Ying Qian Wins Trilling Book Award for ‘Revolutionary Becomings’
Student Awards Committee hails her work as "an exemplar against which all other books we read had to measure up."
The Weatherhead East Asian Institute congratulates faculty member Ying Qian on winning the 50th Annual Lionel Trilling Book Award for her 2024 book Revolutionary Becomings: Documentary Media in Twentieth-Century China.
Ying Qian is Associate Professor of Chinese cinema and media in the Department of East Asian Languages and Cultures. Revolutionary Becomings traces the role documentary film played in the political turmoil of twentieth-century China—from the years preceding the fall of the Qing Dynasty in 1911, through the Republican era, and into the first decade post-Mao. Professor Qian discussed some of the book’s themes in an interview with Columbia News last summer:
"Cinema was among the 20th century’s most important forms of media, and documentary was particularly versatile and omnipresent. … Often produced and screened outside of film studios and theaters, documentary participated much more readily in political, industrial, military, and legal institutions and in social life than its fictional counterpart. Central to documentary’s mediating roles in revolutionary movements was its ability to build activist networks, transform political relationalities, and create new knowledge, all crucial for the directions and outcomes of revolutionary change."

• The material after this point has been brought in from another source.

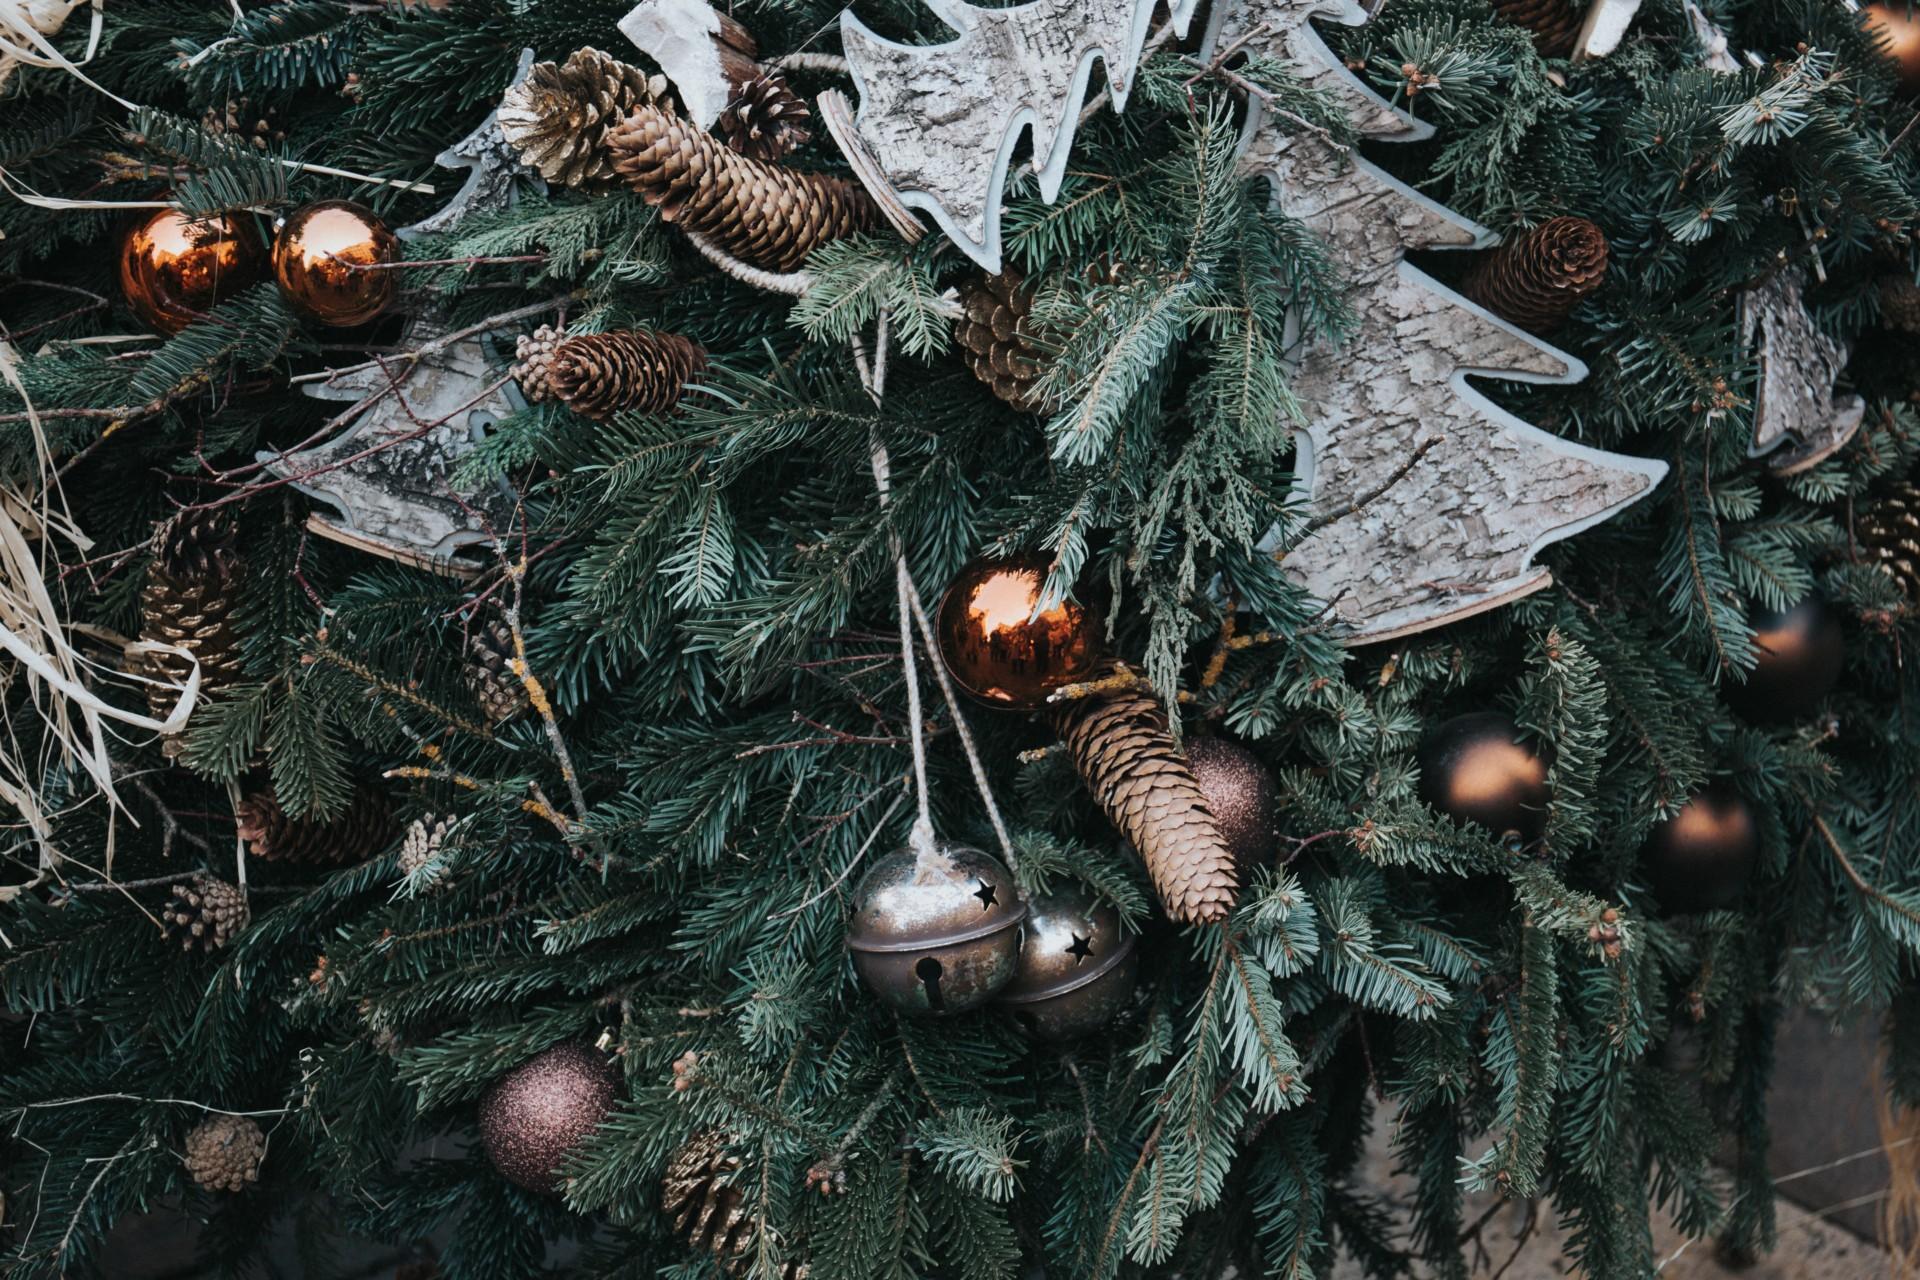 Chrismas tree and decorations

Published by Columbia University Press, Revolutionary Becomings is a title in the Studies of the Weatherhead East Asian Institute series of monographs. It is also cross-listed in the book series Investigating Visible Evidence: New Challenges for Documentary.
The Lionel Trilling Book Award was inaugurated in 1976 in honor of Lionel Trilling, the Columbia College graduate (’25) and later professor who was also a widely published critic and one of America’s most prominent public intellectuals. It is awarded every year to a member of the faculty whose book published in the previous year is seen as upholding Trilling’s distinguished legacy. Earlier Trilling Book Award winners in East Asian Studies have included William Theodore deBary (1983), Carol Gluck (1987), and David Lurie (2012).
Part of what makes the Trilling Book Award special is that it’s driven by students—in the form of the Academic Awards Committee of the Columbia College Student Council. Representing a cross section of classes and academic disciplines, the Committee works its way through all the nominated books over the course of the academic year before they finally settle on the title they consider most deserving of recognition.
Professor Qian accepted the Trilling Book Award in a stirring ceremony in the Low Library Faculty Room on May 14. The introductory remarks by Academic Awards Committee member Zackery Cooper (CC’25) are worth quoting at length:
“The members of the committee, in reading Revolutionary Becomings, could not have imagined a book that more perfectly engages with [the] long, twisting trail of documentary and revolutionary political history, providing a committee, most of whom knew next to nothing about this subject before reading, with a grounding that kept us thoroughly engaged every moment along the way. The case studies and breadth of material involved in developing her thesis demonstrated a dedication to research that became an exemplar against which all other books we read had to measure up.”
Speaking at the award ceremony, Professor Qian thanked students, colleagues, and Columbia’s resourceful libraries, and paid tribute to the ecology of learning on campus. “My book, all books published on this campus, and all the student papers and research reports, come from the same collaborative milieu where students and teachers research, read, write and learn together.”
The Trilling Award is the second prestigious honor Revolutionary Becomings has garnered this year. In April, it won the book award for the History Division of the Association for Education in Journalism and Mass Communication (AEJMC). A judge on the AEJMC committee wrote that Professor Qian “expertly combines film history and the history of political propaganda to tell a new story of documentary in China during the twentieth century.”
Professor Qian will accept her AEJMC award in August, at the group’s annual national convention in San Francisco.